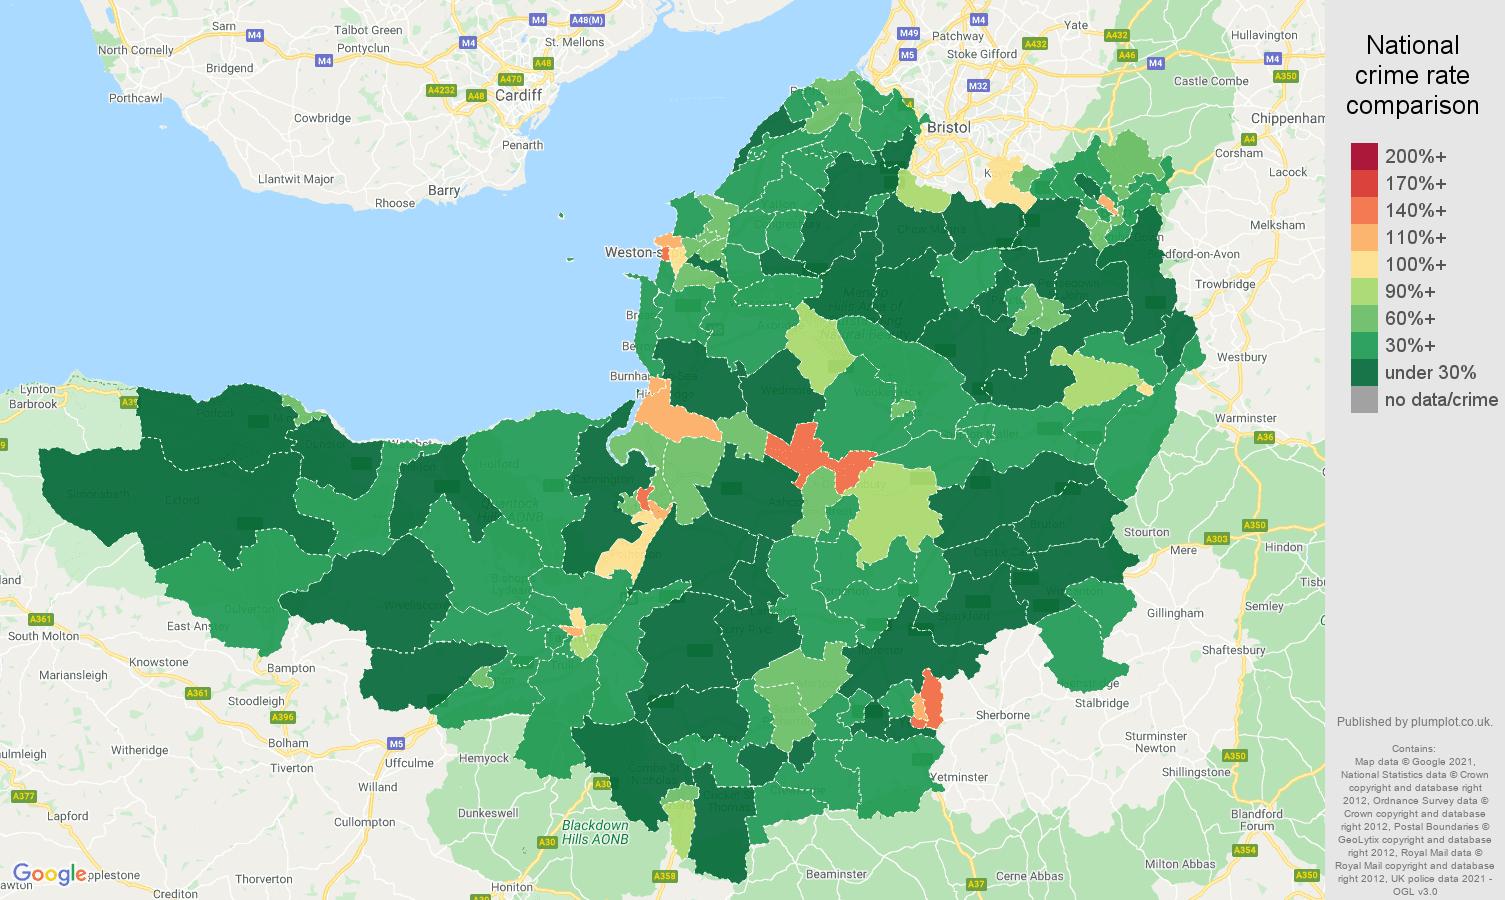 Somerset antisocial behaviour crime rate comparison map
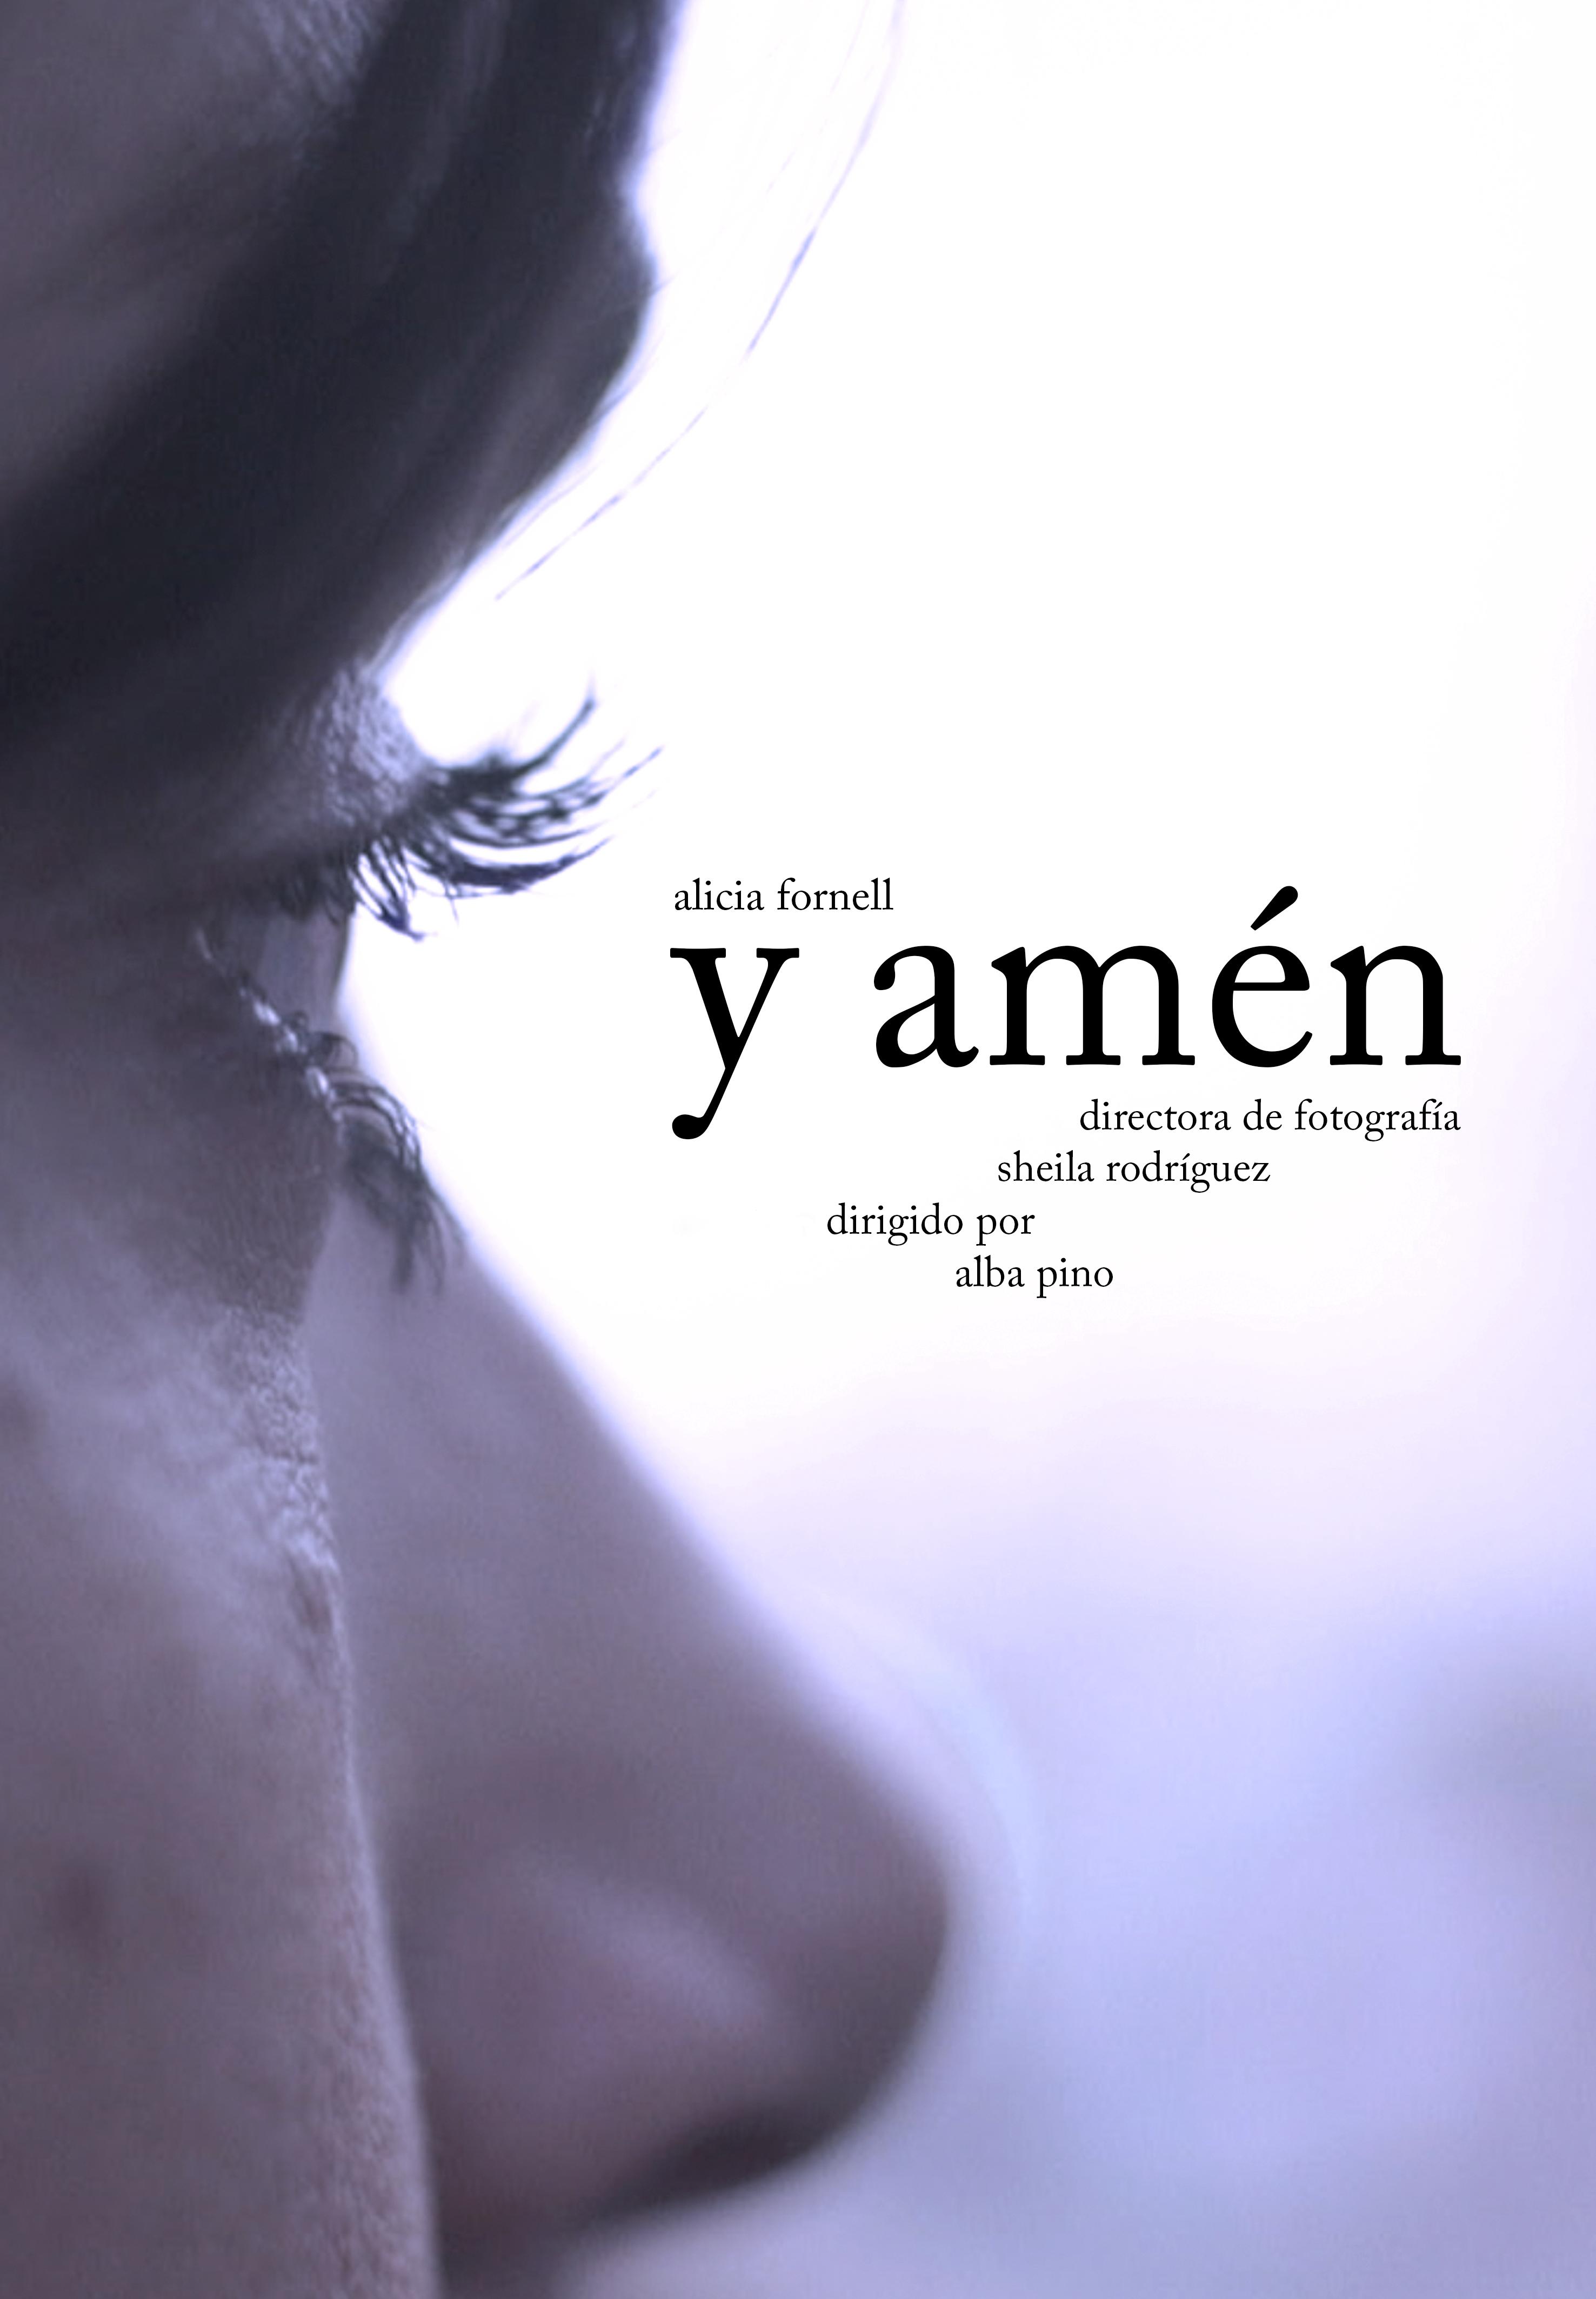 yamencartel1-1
==
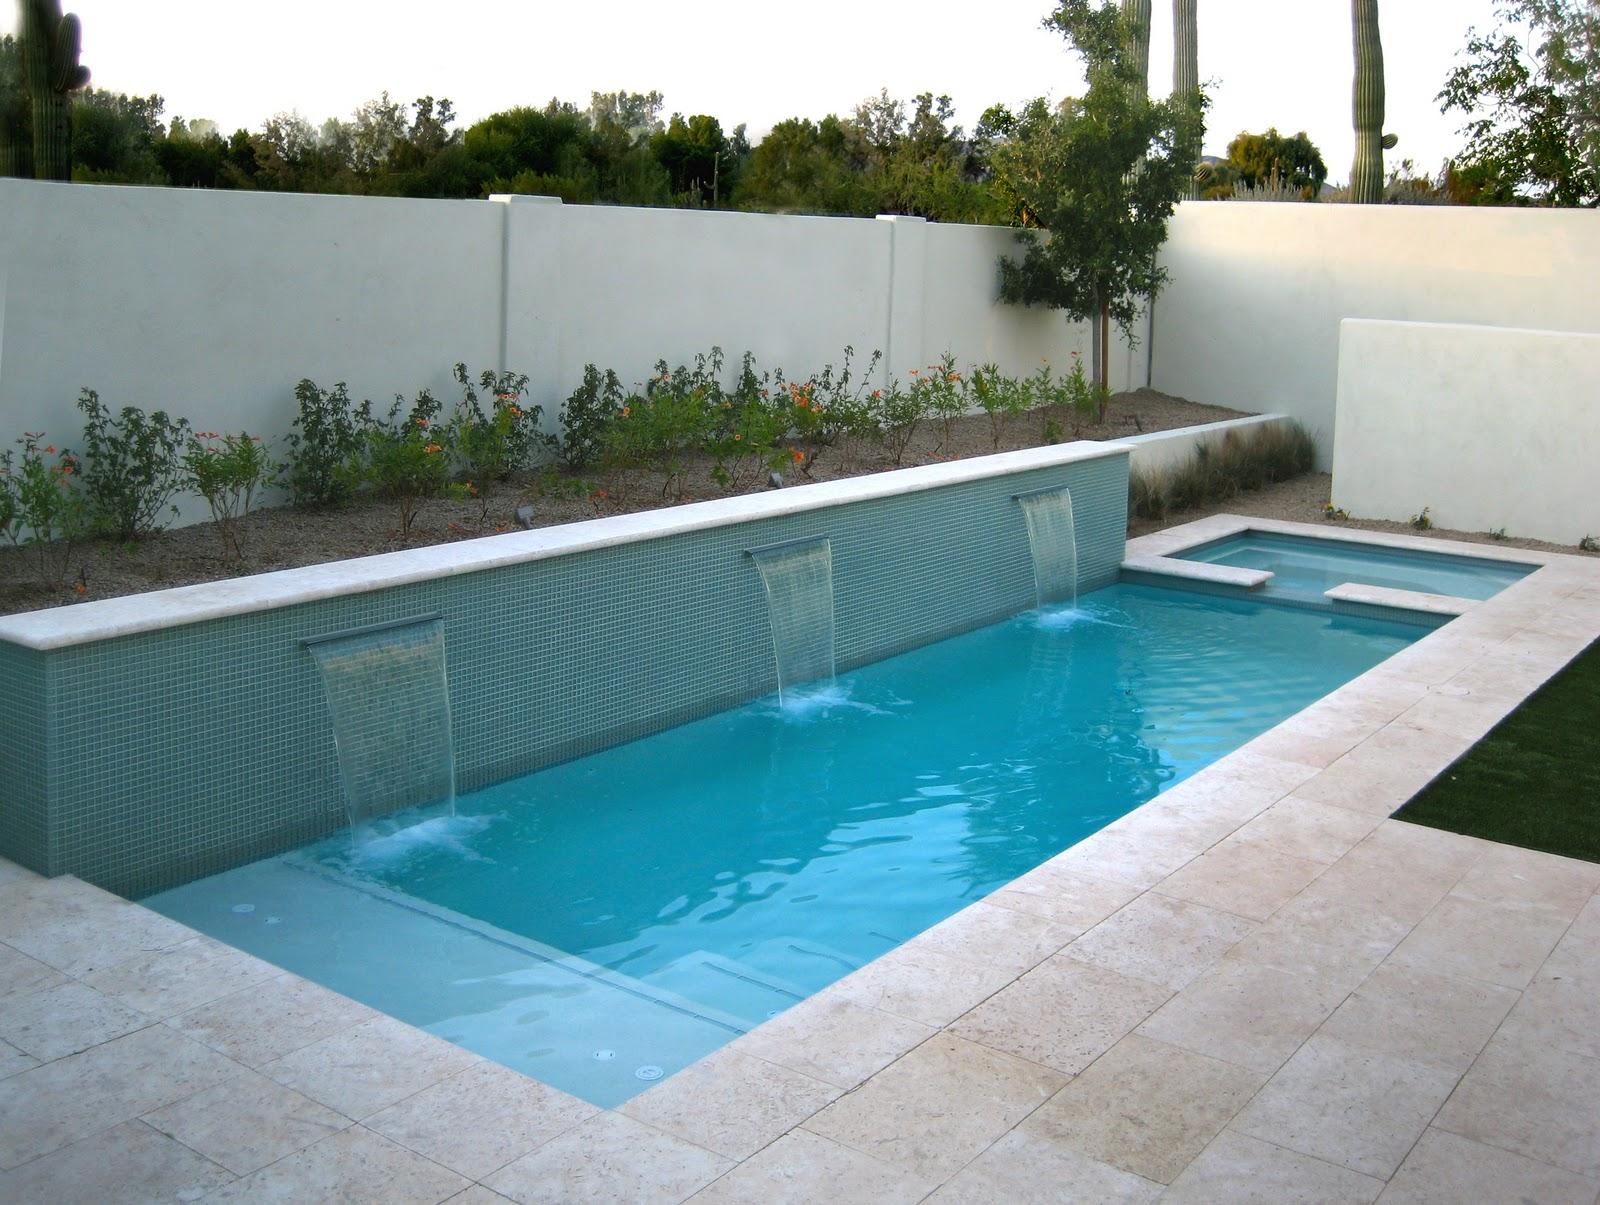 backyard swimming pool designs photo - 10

Exercise details - With pictures excluded, reproduce exactly the lines above from the one containing "Somerset antisocial behaviour" down to the one containing "yamencartel1-1", those two included.

Task result -
 Somerset antisocial behaviour crime rate comparison map
 yamencartel1-1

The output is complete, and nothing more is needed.